Centraliser, analyser et transmettre
L’OCLCH est spécialisé dans les enquêtes sur les crimes internationaux les plus graves (crimes de guerre, génocides,…) et les formes de criminalité qui leur sont liées, ainsi que sur les crimes motivés par la haine et l’intolérance. Dans le cas de l’Ukraine, la mission de ses enquêteurs va être de recueillir des témoignages et des éléments objectifs, de les centraliser, de les analyser et de les transmettre ensuite au PNAT. Ces éléments d’enquête vont permettre d’appuyer les procédures de crimes de guerre susceptibles d’avoir été commis envers les ressortissants français. Ils serviront également, dans le cadre de la coopération policière internationale, à documenter les actions criminelles commises sur place contre les civils ukrainiens ou d’autres nationalités. Des éléments qui seront ensuite transmis au PNAT, puis à la Cour pénale internationale (CPI), qui a ouvert, début mars, une enquête sur les actes commis depuis novembre 2013 (début du conflit entre les Russes et les Ukrainiens).
Une récupération minutieuse de données
Pour obtenir les éléments nécessaires aux différentes enquêtes (PNAT et CPI), les gendarmes et policiers spécialisés de l’OCLCH vont devoir trouver des moyens de récupérer des informations objectives et concrètes, et cela à distance (l’instabilité du terrain ne permettant pas de se rendre sur place). Pour cela, ils vont travailler avec différentes sources telles que les analyses poussées de vidéos et d’images satellites, l’interception de communications civiles et militaires, les données transmises par les autorités ukrainiennes après le passage des troupes russes, les témoignages des ONG (organisations non-gouvernementales) présentes sur place, mais aussi ceux des déplacés d’Ukraine, victimes ou témoins de crimes de guerre et dont les signalements ont été recueillis en France dans les brigades de gendarmerie ou les commissariats.

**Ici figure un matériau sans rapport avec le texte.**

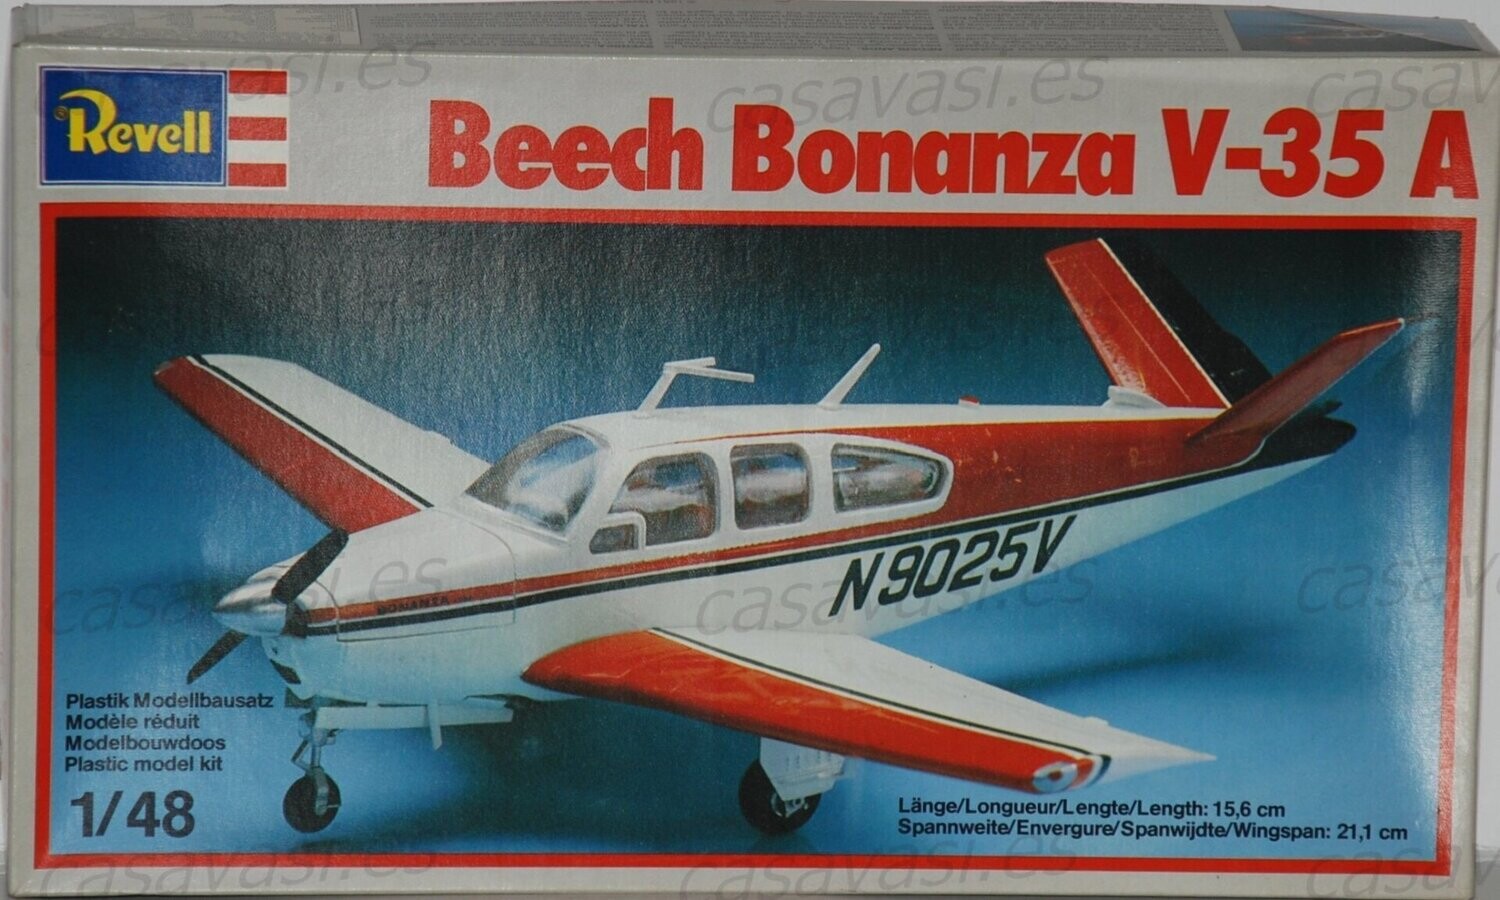 Made in Germany - Revell - 1981 - H-4115- 1/48 - Beech Bonanza V-35 A
Box Size 30.5 x 18 cm.

En plus de ces éléments et dans le cadre de l’entraide judiciaire au sein de l’Union européenne, les enquêteurs de l’OCLCH pourraient avoir accès aux données d’autres pays européens également investis sur le volet judiciaire de ce conflit. « Les dossiers, appelés à transiter par Eurojust et Europol, pourraient nourrir l’enquête mère de la CPI qui s’attachera, si les faits sont avérés, à déterminer les responsabilités au plus haut niveau», a indiqué le général Reiland aux journalistes du Figaro. Les enquêtes diligentées par la CPI, et par le PNAT pour les faits concernant les ressortissants français, devraient durer plusieurs années.